September 18, 2014, 5:56 PM UTC
US-ECONOMY-RETAIL-BLACK FRIDAY
An employee rings up sales at a cash register at a Walmart in the Crenshaw district of Los Angeles on Black Friday, November 29, 2013. (Photo credit should read ROBYN BECK/AFP/Getty Images)
Photograph by Robyn Beck — AFP/Getty Images

Wal-Mart Stores (WMT) will staff more cash registers than ever this holiday season in a bid to address a big, chronic customer complaint: long waits in checkout lines.

The world’s largest retailer will also hire 60,000 more season workers, or 10% more, for the Thanksgiving-Christmas period, becoming the latest company to ramp up hiring ahead of what will surely be another bruisingly competitive holiday season.

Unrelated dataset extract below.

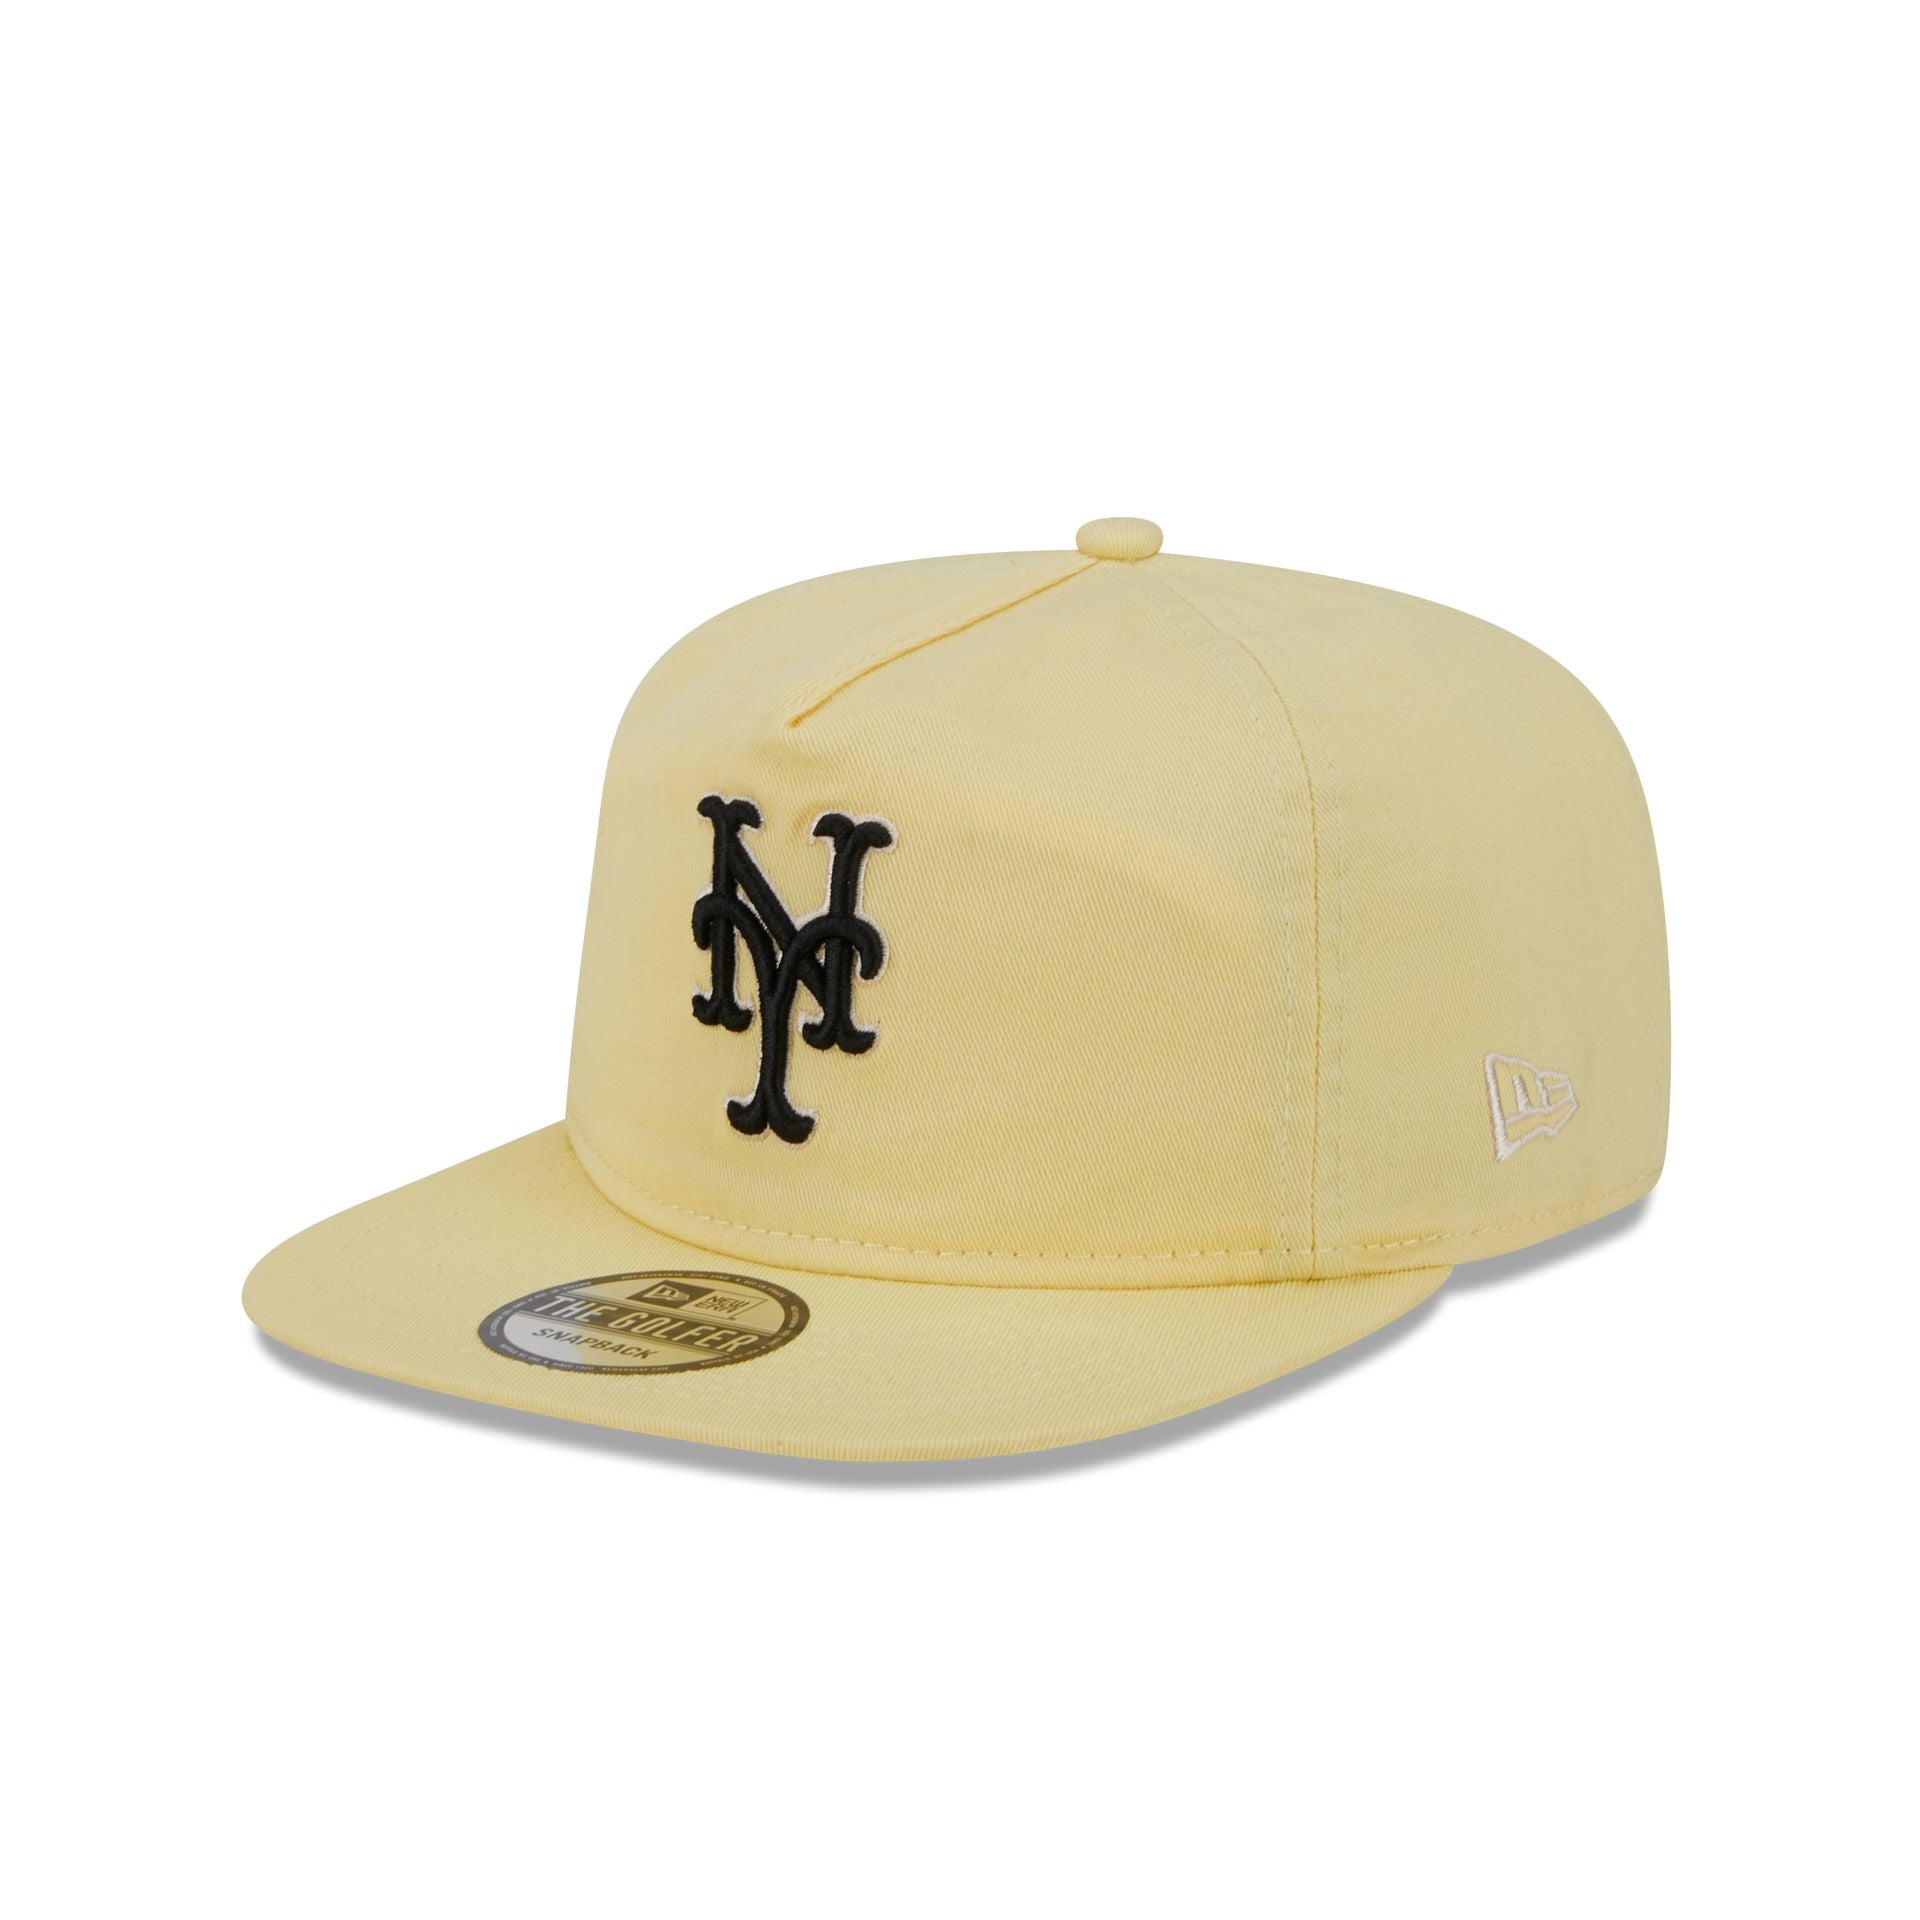 New York Mets Pastel Golfer Hat, Yellow, by New Era

“We are committed to making sure our customers can find the products they want for Christmas at low prices and can get through the checkout lanes quickly,” said Gisel Ruiz, COO of Walmart US.

Wal-Mart’s move comes as the retailer has gone through seven straight quarters of declining customer visits to its U.S. stores and not seen an increase in comparable sales for any fiscal quarter since 2012.

Duncan Mac Naughton, Wal-Mart’s chief merchandising officer, told the Wall Street Journal last month that “taking the possibility of waiting in long lines off the table will attract more people into stores.” The Journal reported that Wal-Mart supercenters typically have about 30 traditional checkout lanes — giving it more than 100,000 across the U.S.

Retailers are projected to hire more than 800,000 seasonal workers for the upcoming holiday season, the most the industry has hired since 1999, as retailers gear up for their busiest season that could benefit from continued employment gains and increased consumer spending, according to a rosy report by outplacement firm Challenger, Gray & Christmas Inc.

Target (TGT) is set to hire about 70,000 season workers this holiday season, on par with last year. But Kohl’s (KSS) is hiring 34% more seasonal workers this year, while United Parcel Service (UPS) is hiring nearly twice as many and FedEx (FDX) is also planning to hire more.